Why do we minimize the lostness of sinners? Why deny the fact of Satan and hell? Surely the duty, the message, the urgency of the gospel message centers in the redemption and hope to be found in Christ—and only in Christ. The Gospel of God’s redeeming love, grace, and mercy is preached in its true perspective only when it is preached against the backdrop of God’s judgment on sin.

For a generation we have been conditioned against the doctrine of man’s depravity. But because of this very thing we are confronted with the certainty of judgment. To minimize man’s need is to minimize the greatness and nature of God’s remedy. Christ’s imperative, “You must be born again,” has been ignored in favor of education, improved environment, economic security, and political freedom as the solution for man’s primary need. We who consider ourselves churchmen need to face up to our share in this travesty.

At the heart of the current predicament is frank denial of the clear and unequivocal statements of God’s Word. The Word has been attacked where it runs counter to our own concept of man and his needs, and to our own philosophical presuppositions against the supernatural and miraculous.

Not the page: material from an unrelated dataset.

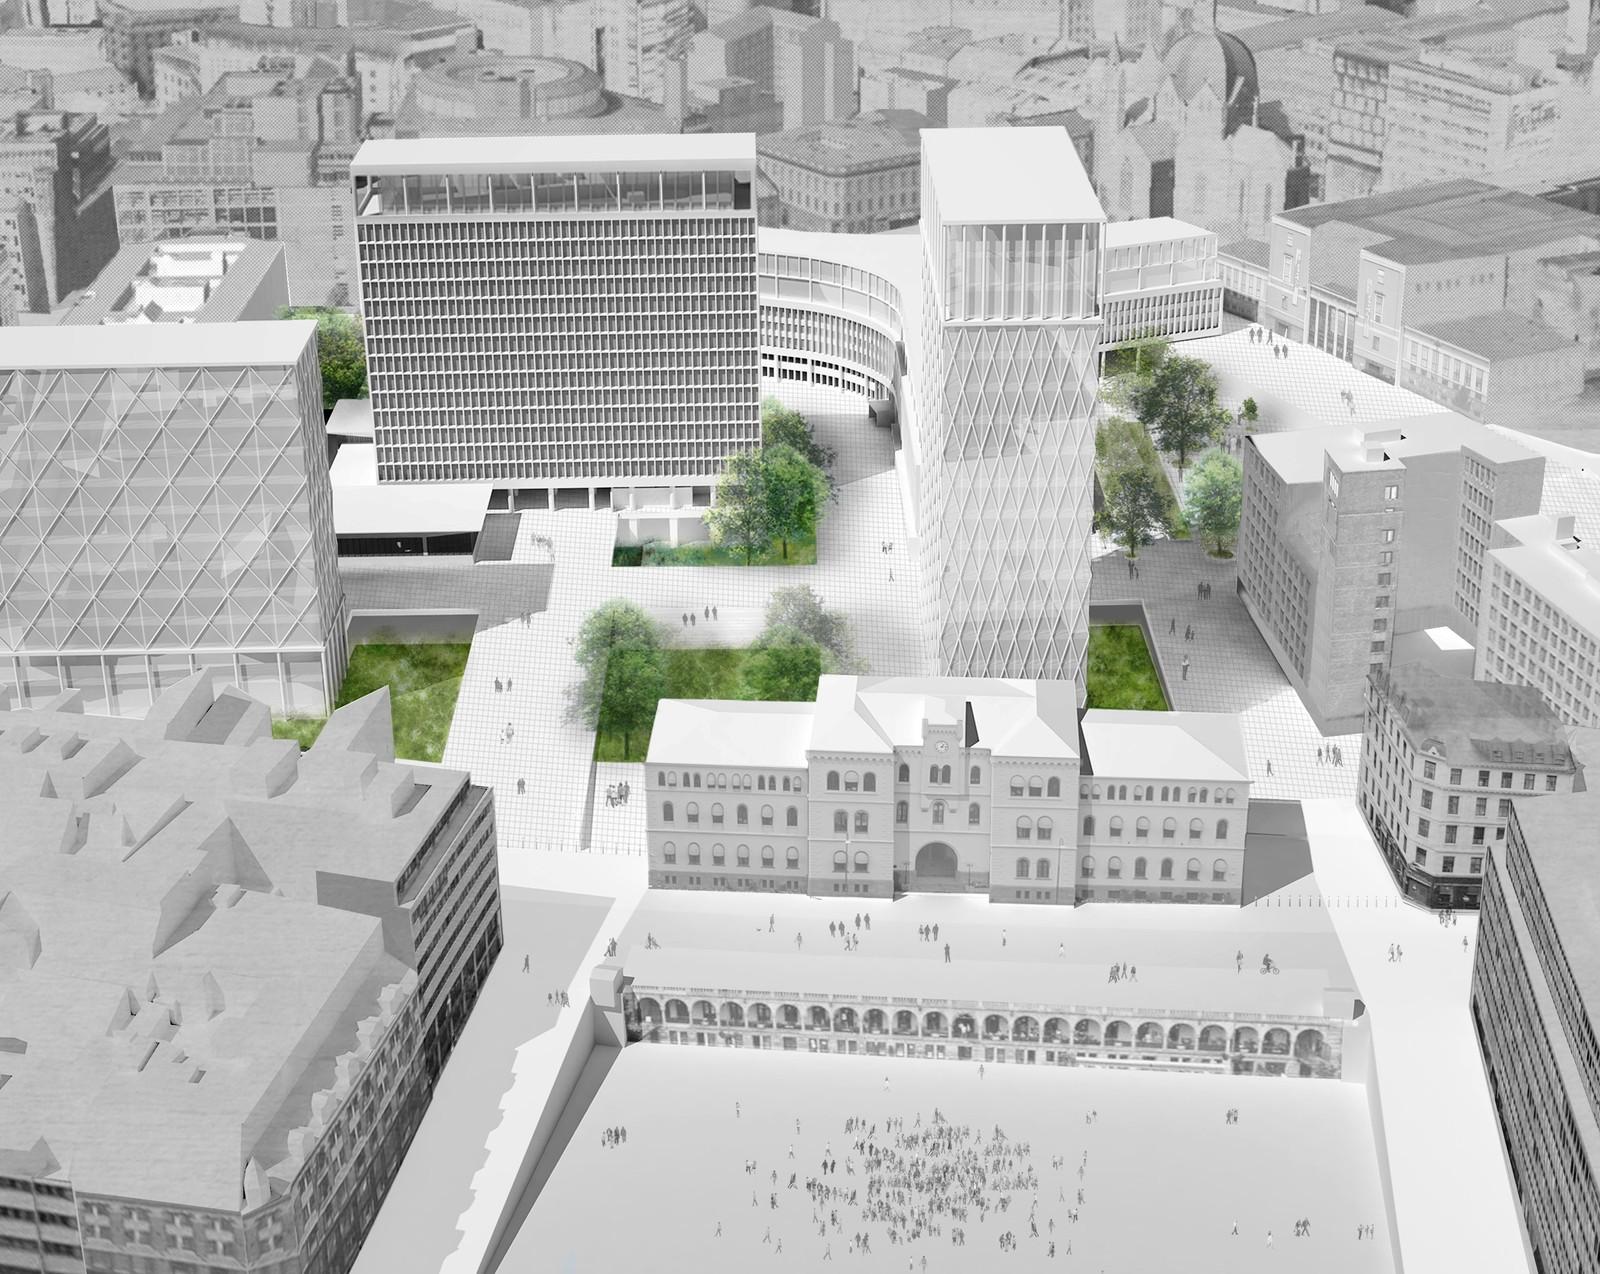 NUMMER 7 - STUDENTENE: Studenter ved Arkitekthøgskolen i Oslo (AHO) har også fått levere sitt forslag. De vil gi dagens såkalte høyblokk selskap av høyere blokker i lignende stil, men bevarer byrommet åpent.

The words of Isaiah warn us: “For the Lord of hosts has a day against all that is proud and lofty, against all that is lifted up and high.… And the haughtiness of man shall be humbled, and the pride of men shall be brought low; and the Lord alone will be exalted in that day. And the idols shall utterly pass away. And men shall enter the caves of the rocks and the holes of the ground, from before the terror of the Lord, and from the glory of his majesty, when he rises to terrify the earth” (Isa. 2:12, 17–19).

As we hear the familiar chorus—“That is the God of the Old Testament; we worship the God of the New”—we think of the relevance of these words in the New Testament: “A man who has violated the law of Moses dies without mercy at the testimony of two or three witnesses. How much worse punishment do you think will be deserved by the man who has spurned the Son of God, and profaned the blood of the covenant by which he was sanctified, and outraged the spirit of grace? For we know him who said, Vengeance is mine, I will repay.’ And again, ‘The Lord will judge his people.’ It is a fearful thing to fall into the hands of the living God.… Let us offer to God acceptable worship, with reverence and awe; for our God is a consuming fire” (Heb. 10:28–31, 12:28b, 29).

We should never forget that some of the most awesome warnings of judgment to be found in all the Scriptures come from the mouth of our Lord, who gave his life to take that judgment for us.

A minister should remember that he is a messenger, not an author; a quoter of God’s revelation, not of man’s opinions; a witness to divine truth, not to human wisdom. Warning to sinners and denunciation of sin have often been supplanted by a humanistic perversion of God’s plan of redemption of sinners.

The denunciation of evil must always include expression of the yearning love of God, a love so great that salvation is conditioned solely on faith coupled with validating obedience. God’s “whosoever” still holds good. This is not a matter of a Christian’s looking down his nose in condescension toward those outside the Kingdom. It is, as has been said, “one beggar telling other beggars where he has found bread.” It is one who has been mortally ill telling other sick people of the Physician and the medicine by which he was healed.

Nothing is more false than the current assumption that men should “not be frightened into salvation.” If it takes the fear of impending judgment to bring a man to his senses, then God forbid that we should speak in platitudes. When men are already aware of their sinfulness and helplessness, it is the loving offer of forgiveness that they need.

It takes no prophet to sense impending judgment. God is being mocked and his laws flouted. His love has provided the answer, but he will not always hold back his wrath.

The proud Athenians heard the plain warning that God “has fixed a day on which he will judge the world …” (Acts 17:31). As to the men of Athens, the message today is, “Repent!”